- **Entries provided**
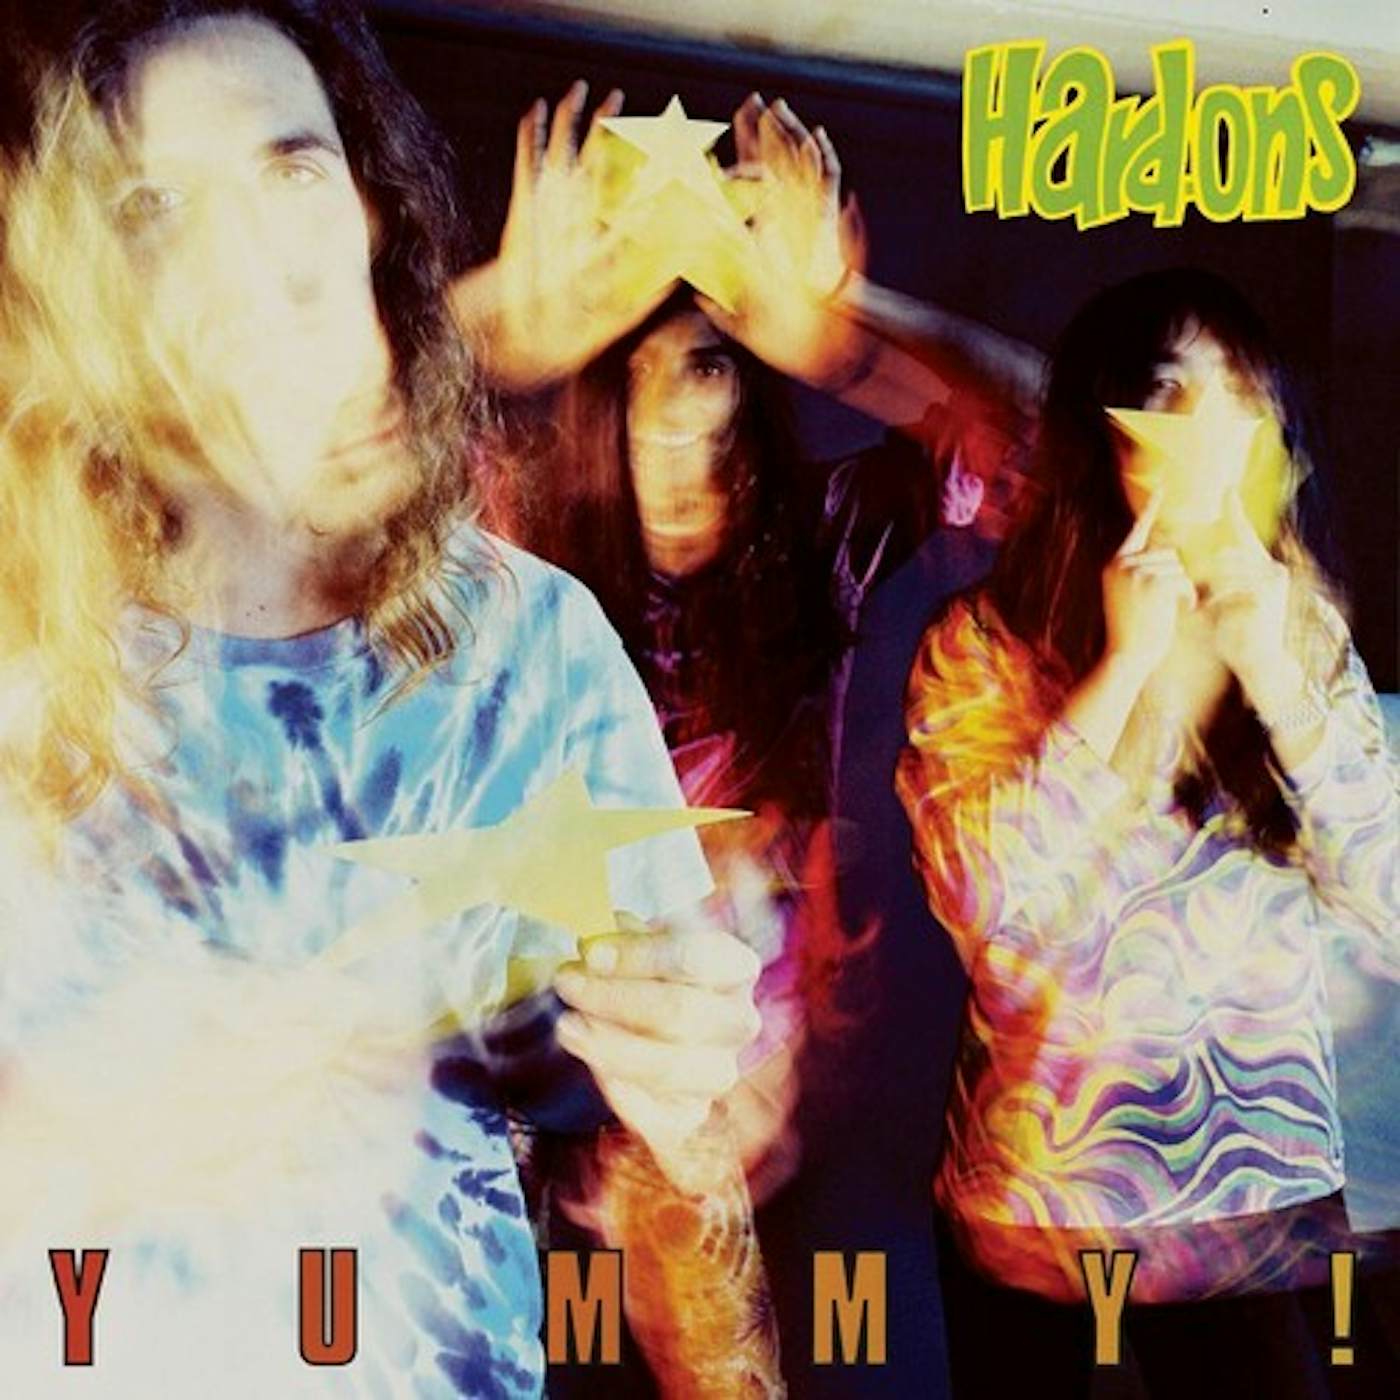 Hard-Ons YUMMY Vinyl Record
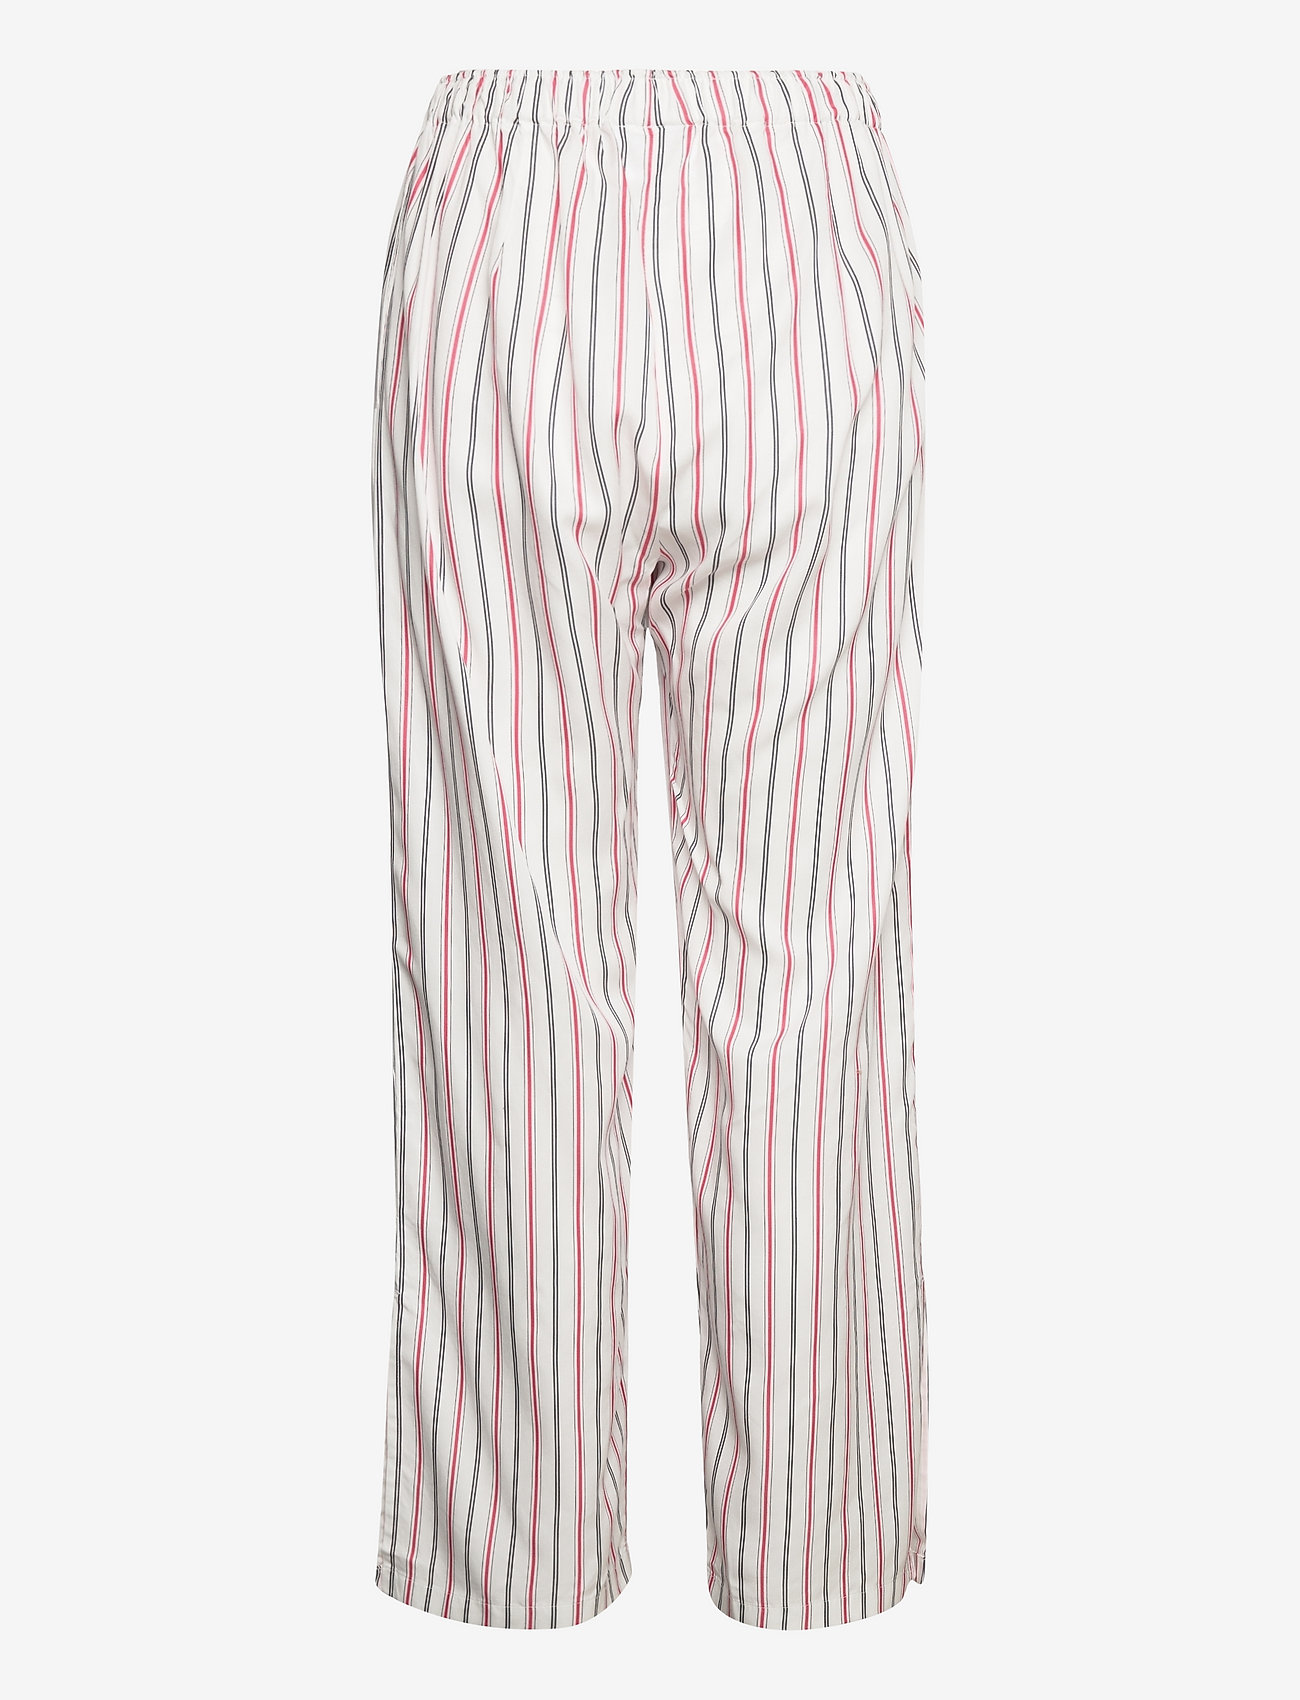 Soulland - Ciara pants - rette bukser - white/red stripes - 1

* * *

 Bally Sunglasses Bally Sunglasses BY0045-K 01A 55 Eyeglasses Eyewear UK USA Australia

- **Work item**
What are the lines above from the one with "Hard-Ons YUMMY Vinyl Record" to the one with "Soulland - Ciara", both included? Reproduce them exactly, without pictures.

- **Answer area**
 Hard-Ons YUMMY Vinyl Record
 Soulland - Ciara pants - rette bukser - white/red stripes - 1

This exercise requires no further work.